- [What this task involves]
Nothing in the listing should be altered when it is copied, and no picture goes into the copy.
======== Dataset excerpt ========
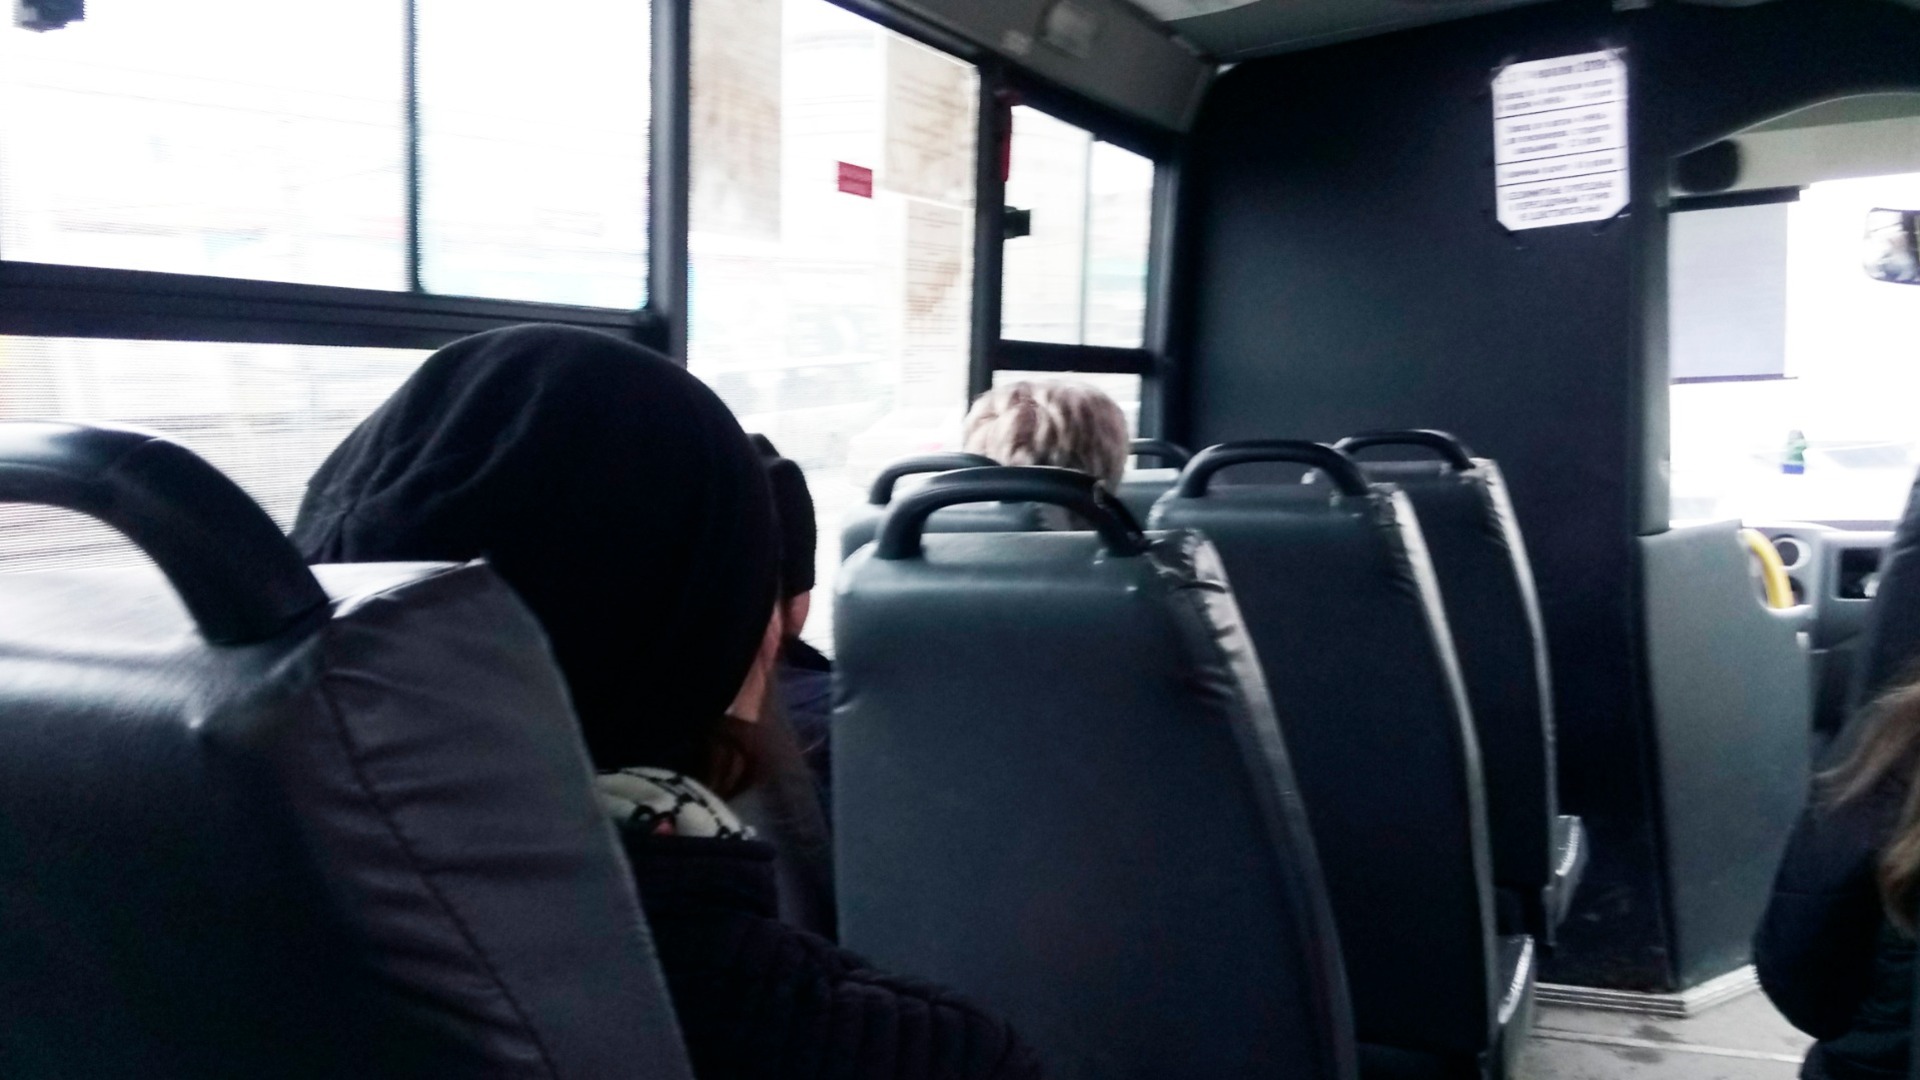 Пожилая женщина в Нижнем Тагиле нецензурно ругалась в автобусе
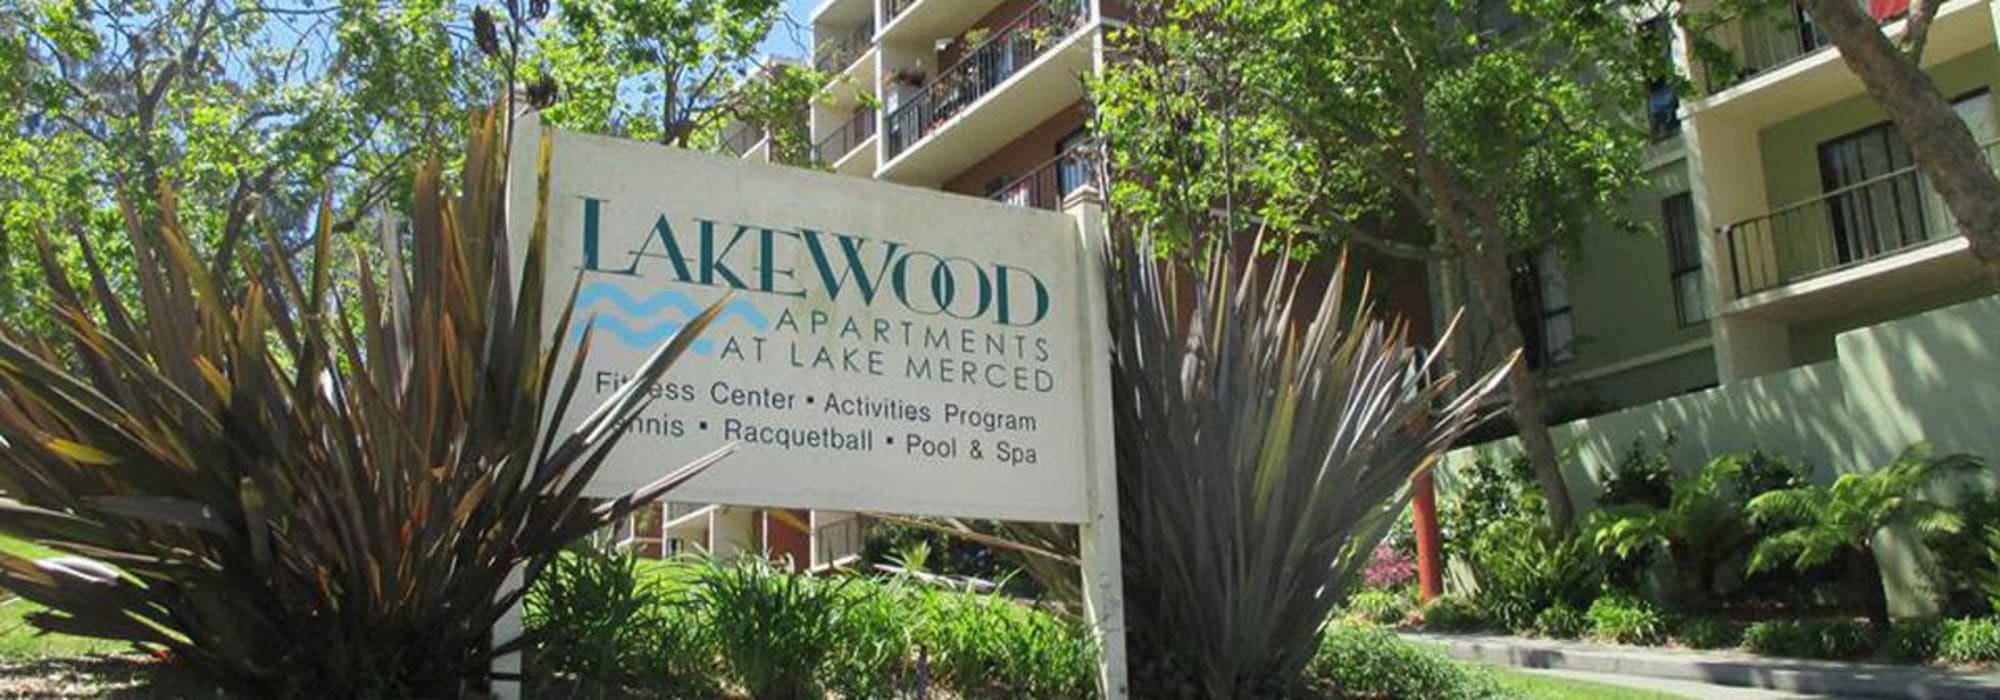 Exterior sign at Lakewood Apartments at Lake Merced in San Francisco, California
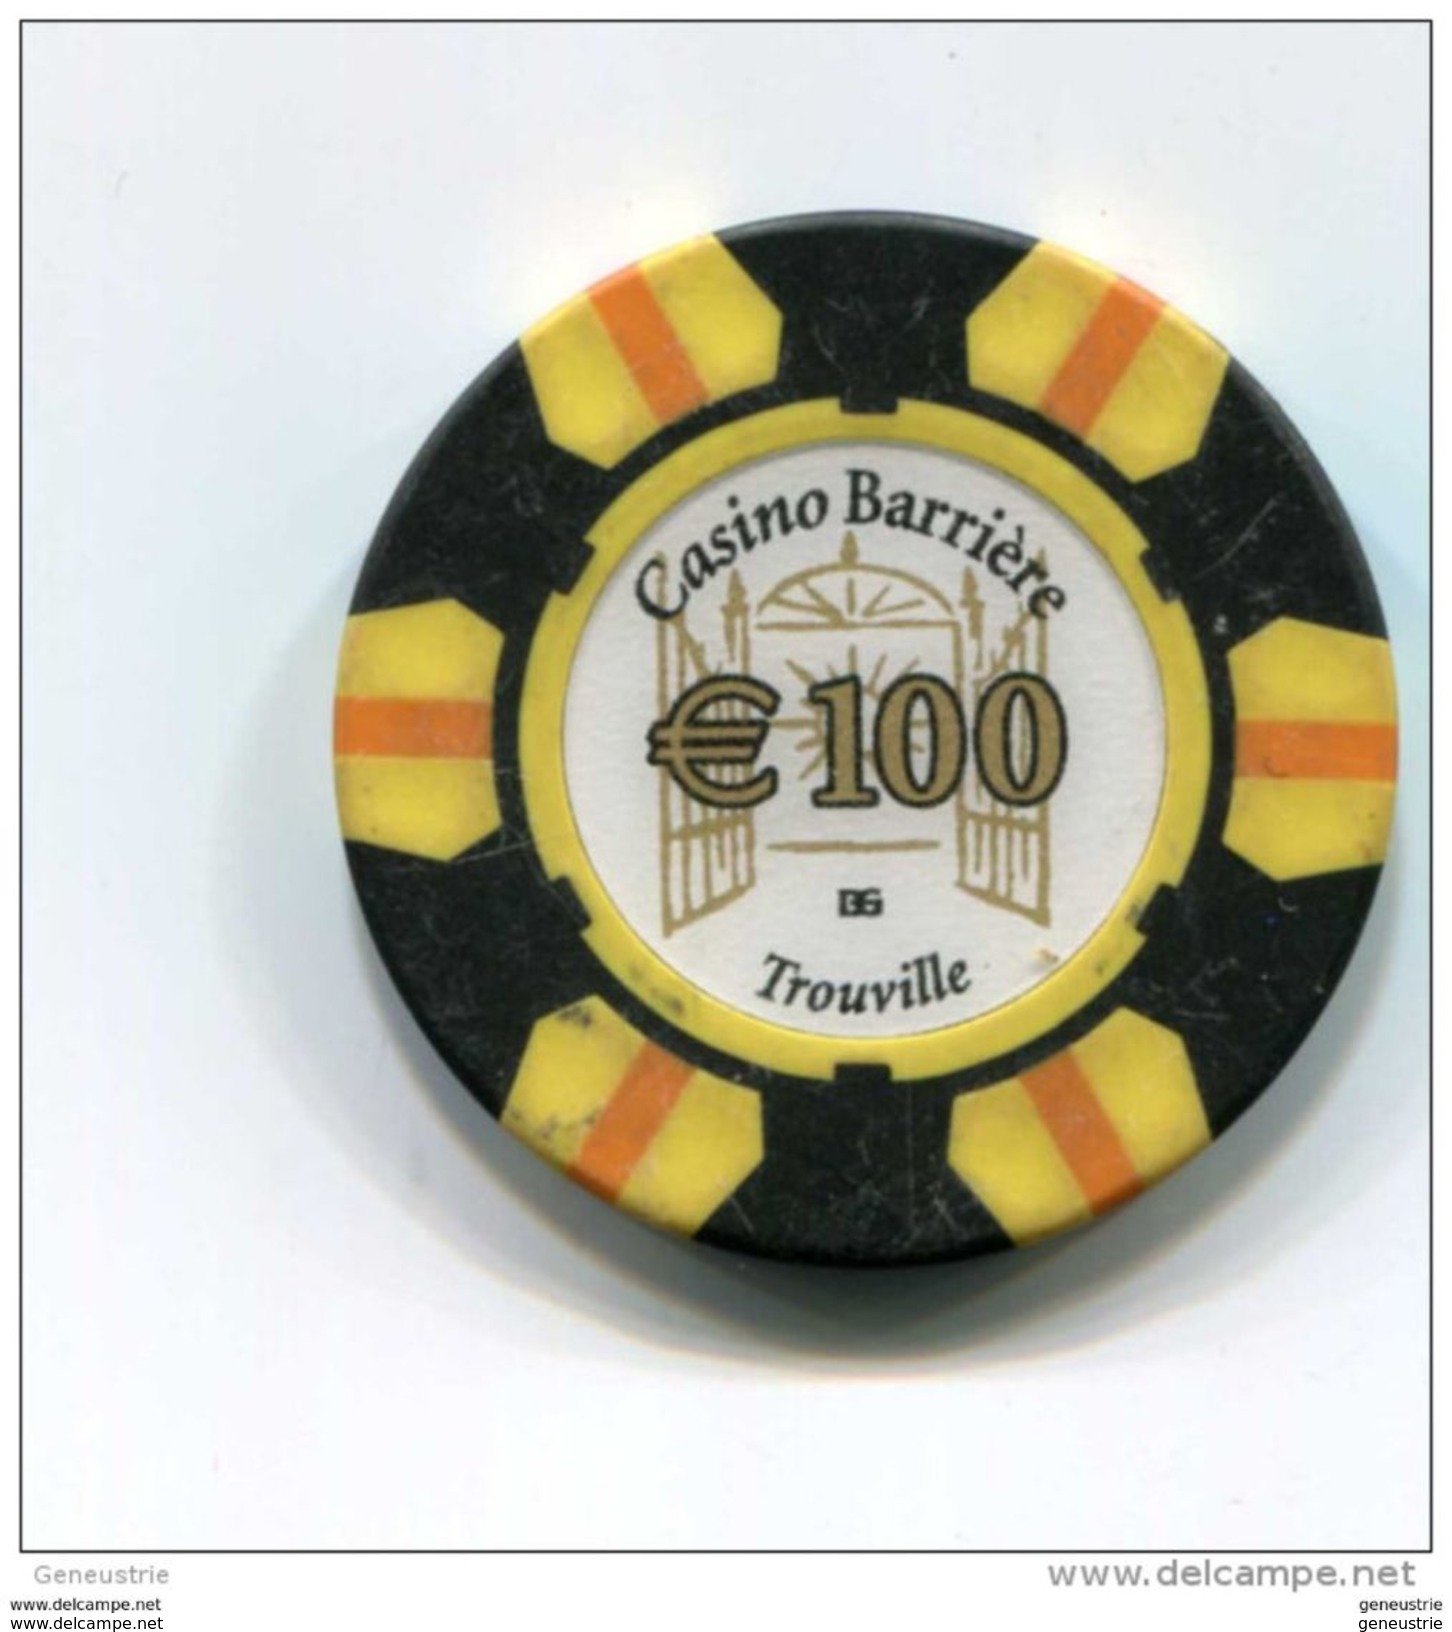 Jeton De Casino "100€ Euro Casino Barrière Trouville" French Casino Token - Casino
========
- [Solution below]
 Пожилая женщина в Нижнем Тагиле нецензурно ругалась в автобусе
 Exterior sign at Lakewood Apartments at Lake Merced in San Francisco, California
 Jeton De Casino "100€ Euro Casino Barrière Trouville" French Casino Token - Casino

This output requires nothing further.